How do we balance technological efficiency with the value of human labor?
What makes live performance meaningful in an age of perfect simulation?
Who gets to decide how this technology is used, and who benefits from those decisions?
These questions don't have clear answers, and they probably shouldn't be portrayed as having clear answers. The article suggests that shows like "Black Mirror" have lost their edge partly because they've moved away from exploring these ambiguities.
Reality Outpacing Fiction 🫥
What struck me most about the article is the observation that reality has become stranger than most TV writers dare to imagine. The article mentions chatbots affecting people's mental health and AI-generated content making it harder to trust what we see and hear. These aren't future scenarios. They're happening now.
As someone studying how these systems work, I know that current AI is "the worst the technology will ever be." It will keep improving. And as someone in theater, I know that once audiences lose the ability to trust their own perception, something fundamental changes about how we experience art and truth. I also know as a student surrounded by people who hate and love AI, this content is everywhere.
This doesn't mean AI is bad. It means we need better frameworks for thinking about it than simple good-versus-evil narratives. We need to grapple with the messy reality that the same technology can enable new forms of creativity while threatening existing creative workers. That it can democratize access to certain tools while concentrating power in the hands of a few large companies.
What We Actually Need 🤗
The article argues that Hollywood needs to "confront and compete with" the reality of AI if it wants to help make sense of what's coming. I think that's right, but I'd add that we need portrayals that embrace ethical complexity rather than defaulting to either techno-utopianism or dystopia.

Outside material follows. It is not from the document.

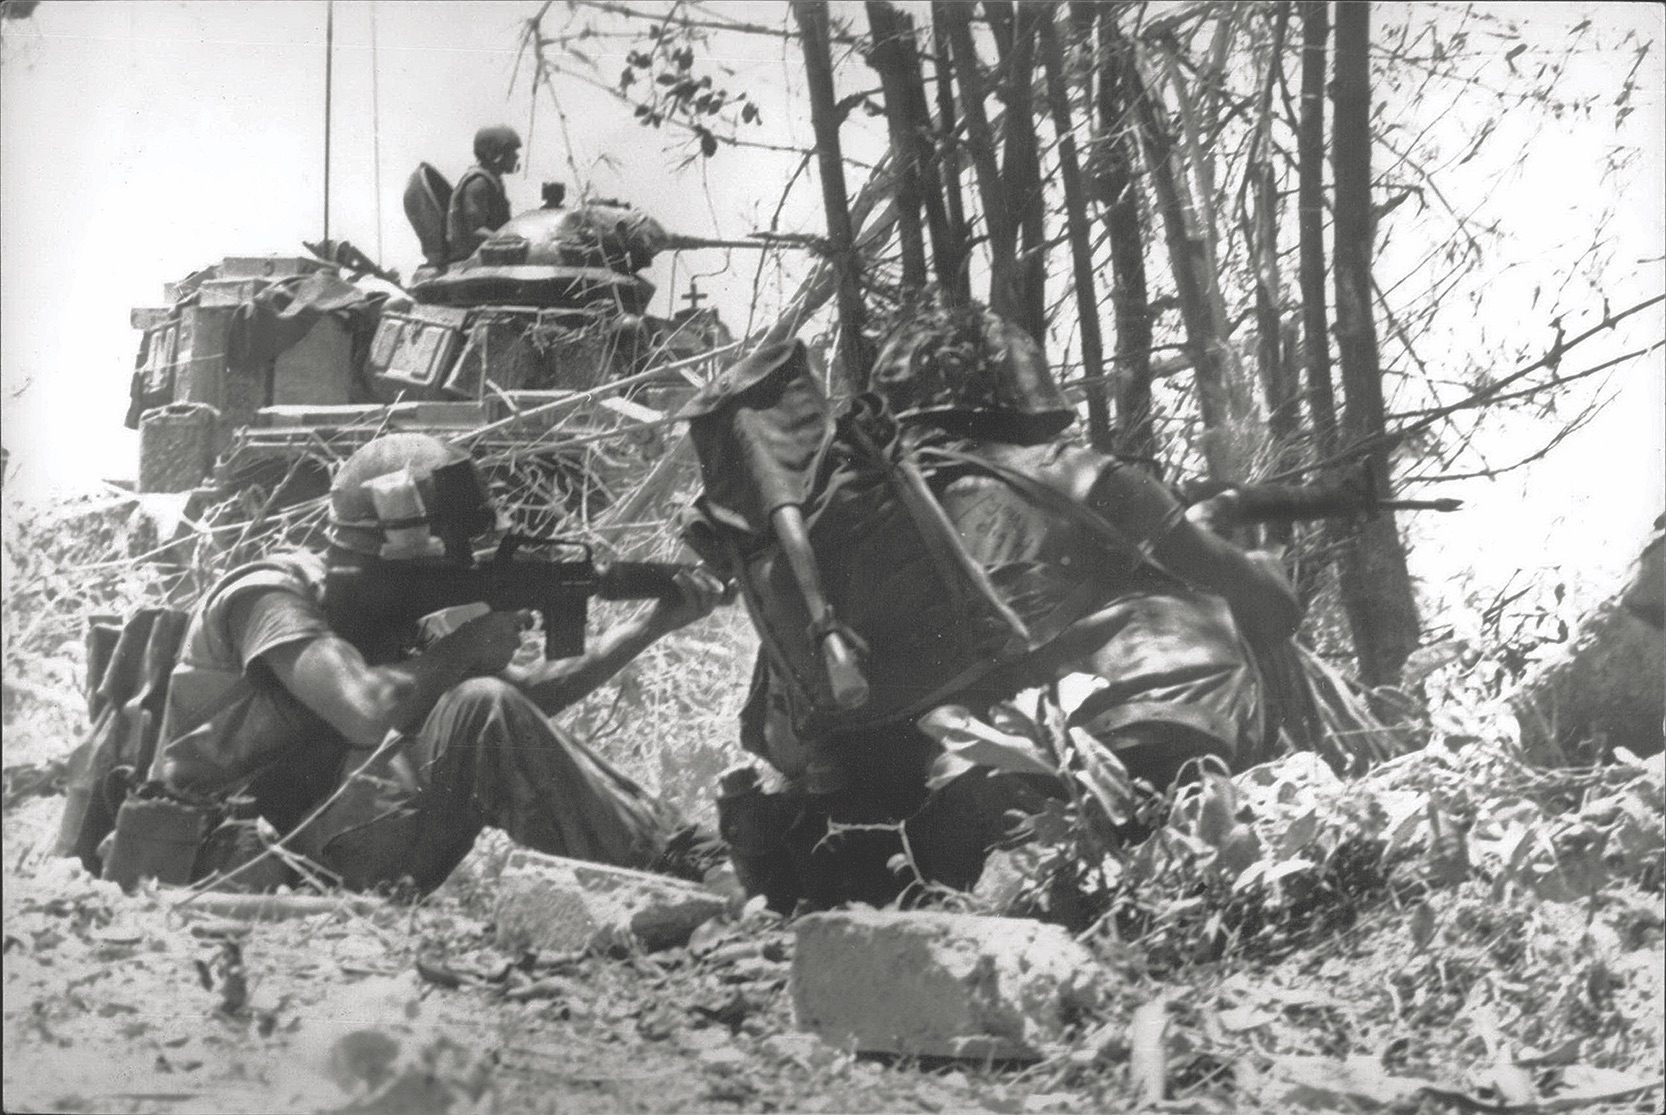 A Patton tank and two Marine riflemen in Task Force Robbie battle the NVA in the Cam Vu area. (Keystone/Alamy)
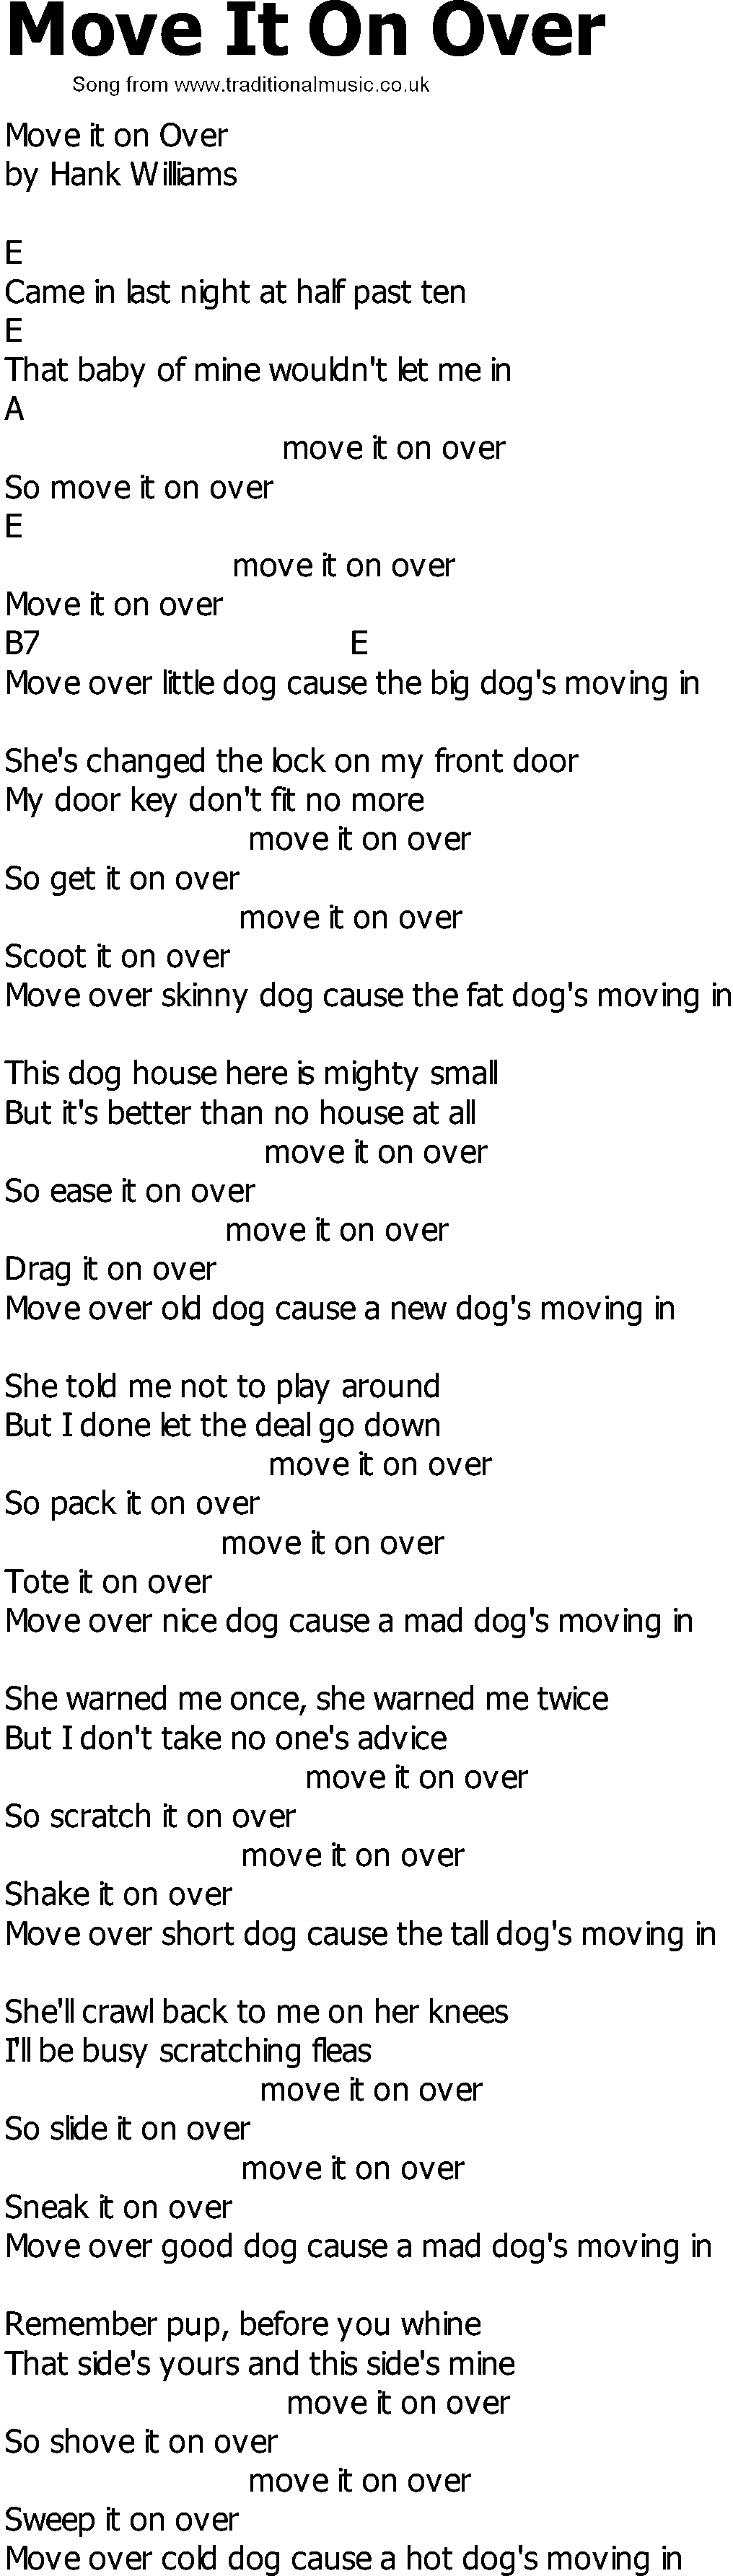 Old Country song lyrics with chords - Move It On Over

We need stories that show people genuinely wrestling with these questions. Not villains trying to replace all humans with robots, and not heroes stopping AI from taking over the world. Just people trying to figure out how to use powerful tools responsibly, how to protect their livelihoods and dignity, how to maintain what's meaningful about human creativity in a changing landscape.
As someone positioned between the technical and artistic sides of this conversation, I see how much nuance gets lost when we reduce AI to a threat or a savior. The ethical questions are harder and more interesting than that.